As an example, suppose we want to ensure our script has enough arguments and that the
input file is readable:
#!/bin/bash
set -e
set -u
set -o pipefail
if [ "$#" -ne 1 -o ! -r "$1" ]
then echo "usage: script.sh file_in.txt"
exit 1
fi
As discussed earlier, we quote variables (especially those from human input); this is a good practice and prevents issues with special characters.
Processing Files with Bash Using for
Loops and Globbing
In bioinformatics, most of our data is split across multiple files. Usually, we want to apply the same workflow to each of these files.

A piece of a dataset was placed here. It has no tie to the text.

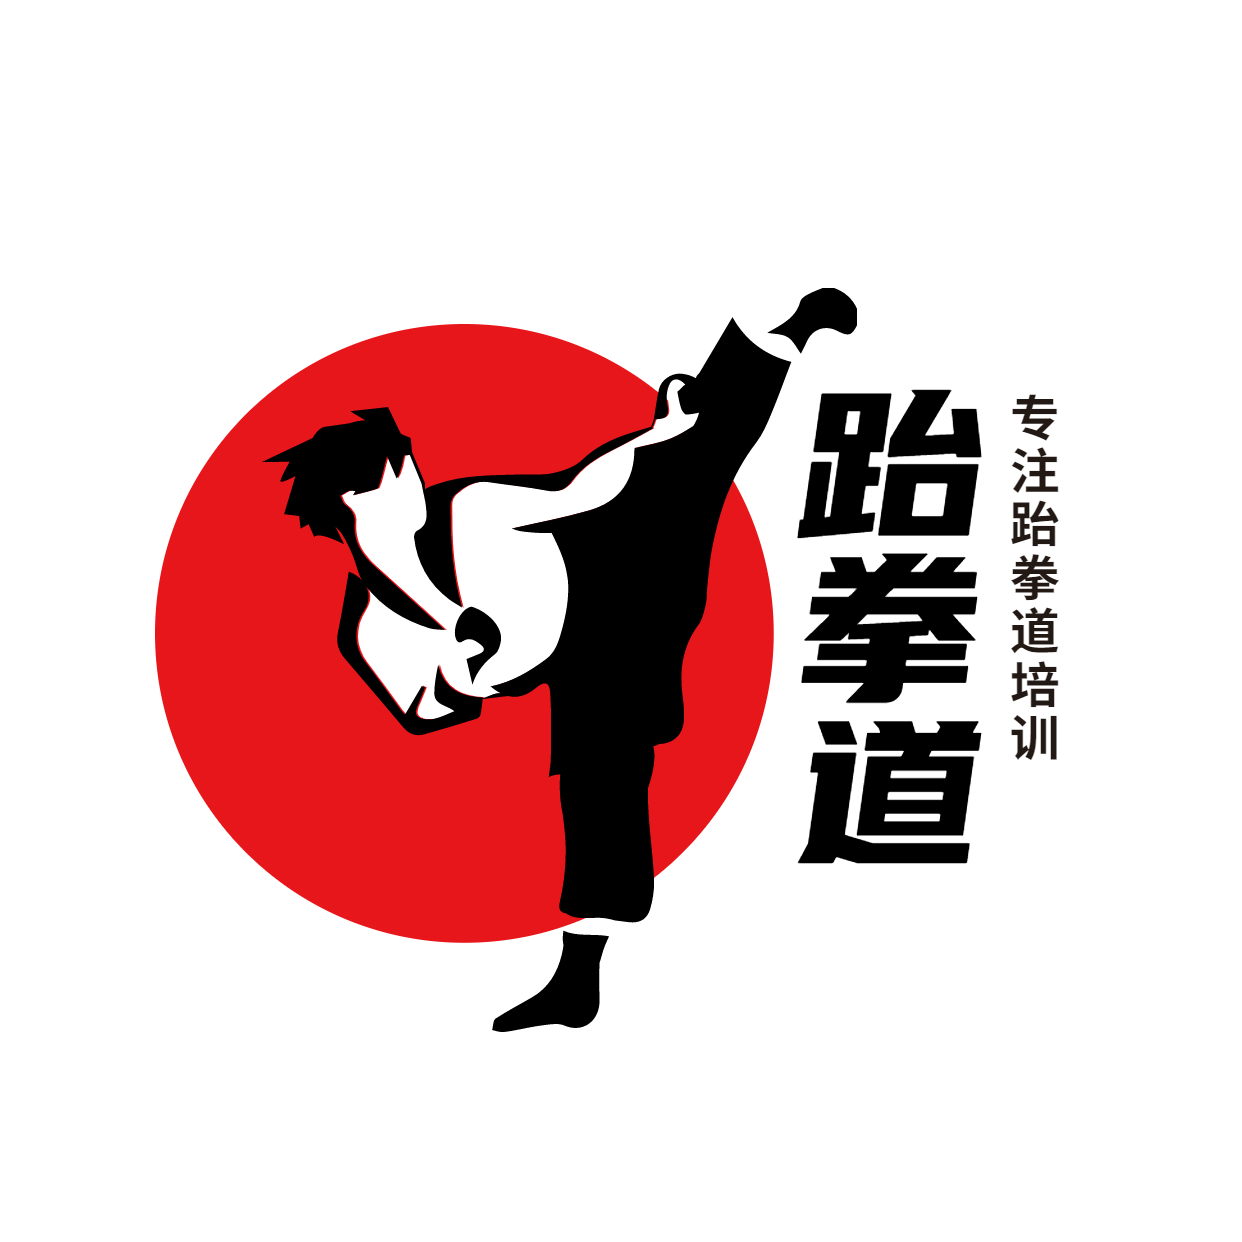 教育培训机构跆拳道头像logo

Looping over files with Bash’s for loop is the simplest way to accomplish this.
There are three essential parts to creating a pipeline to process a set of files:
- Selecting which files to apply the commands to
- Looping over the data and applying the commands
- Keeping track of the names of any output files created
There are two common ways to select files: either start with a text file containing information about samples or directly select files in directories using some criteria.

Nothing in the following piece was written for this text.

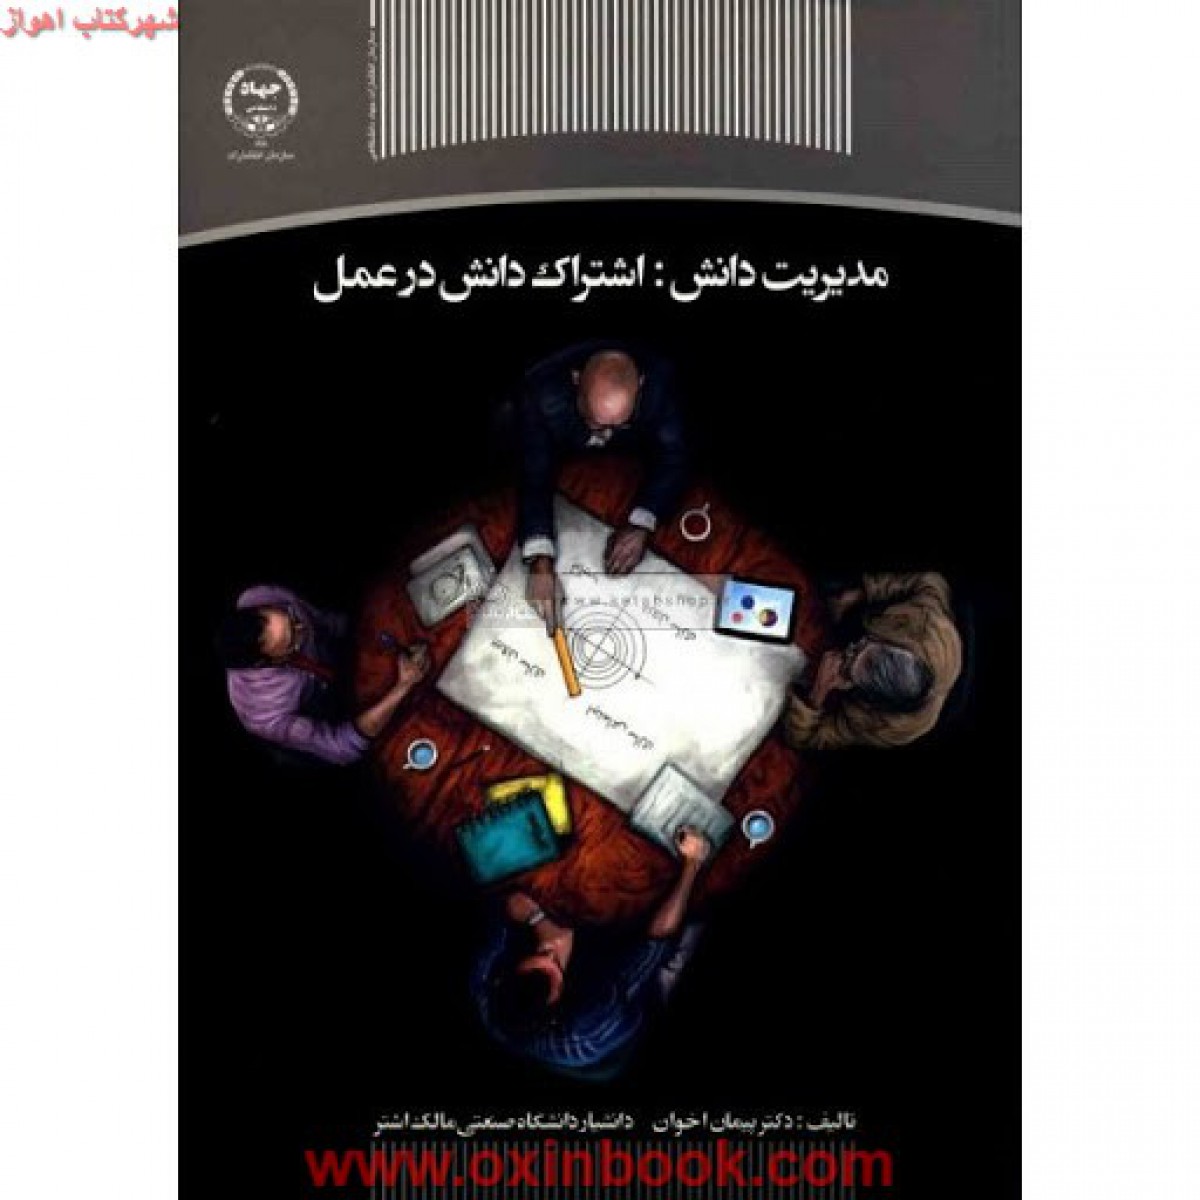 مدیریت دانش(اشتراک دانش درعمل)پیمان اخوان/جهاددانشگاهی

In the first approach, you may have a file called samples.txt that tells you basic information about your raw data: sample name, read pair, and where the file is. Here’s an example (which is also in book’s chapter 12 directory on GitHub):
cat ../data/samples.txt
zmaysA R1 seq/zmaysA_R1.fastq
zmaysA R2 seq/zmaysA_R2.fastq
zmaysB R1 seq/zmaysB_R1.fastq
zmaysB R2 seq/zmaysB_R2.fastq
zmaysC R1 seq/zmaysC_R1.fastq
zmaysC R2 seq/zmaysC_R2.fastq
The first two columns are called metadata (data about data), which is vital to relating sample information to their physical files. Note that the metadata is also in the filename itself, which is useful because it allows us to extract it from the filename if we need to. We have to loop over these data, and do so in a way that keeps the samples straight. Suppose that we want to loop over every file, gather quality statistics on each and every file (using the imaginary program fastq_stat), and save this information to an output file. Each output file should have a name based on the input file.
First, we load our filenames into a Bash array, which we can then loop over. Bash arrays can be created manually; specific elements can be extracted using:
sample_names=(zmaysA zmaysB zmaysC)
echo ${sample_names[0]}
echo ${sample_names[2]}
zmaysA
zmaysC
All elements can be extracted with the cryptic-looking echo ${sample_files[@]}
and the number of
elements can be printed with echo ${#sample_names[@]}
.
Better yet, we can use a command substitution to construct Bash arrays. Because we want to loop over each file, we need to extract the third column using cut -f 3 from samples.txt. Demonstrating this in the shell:
sample_files=($(cut -f 3 ../data/samples.txt))
echo ${sample_files[@]}
seq/zmaysA_R1.fastq seq/zmaysA_R2.fastq seq/zmaysB_R1.fastq seq/zmaysB_R2.fastq seq/zmaysC_R1.fastq seq/zmaysC_R2.fastq
IMPORTANT:
This approach only works if our filenames only contain alphanumeric characters, (_), and (-)! If spaces, tabs, newlines, or special characters like * end up in filenames, it will break this approach.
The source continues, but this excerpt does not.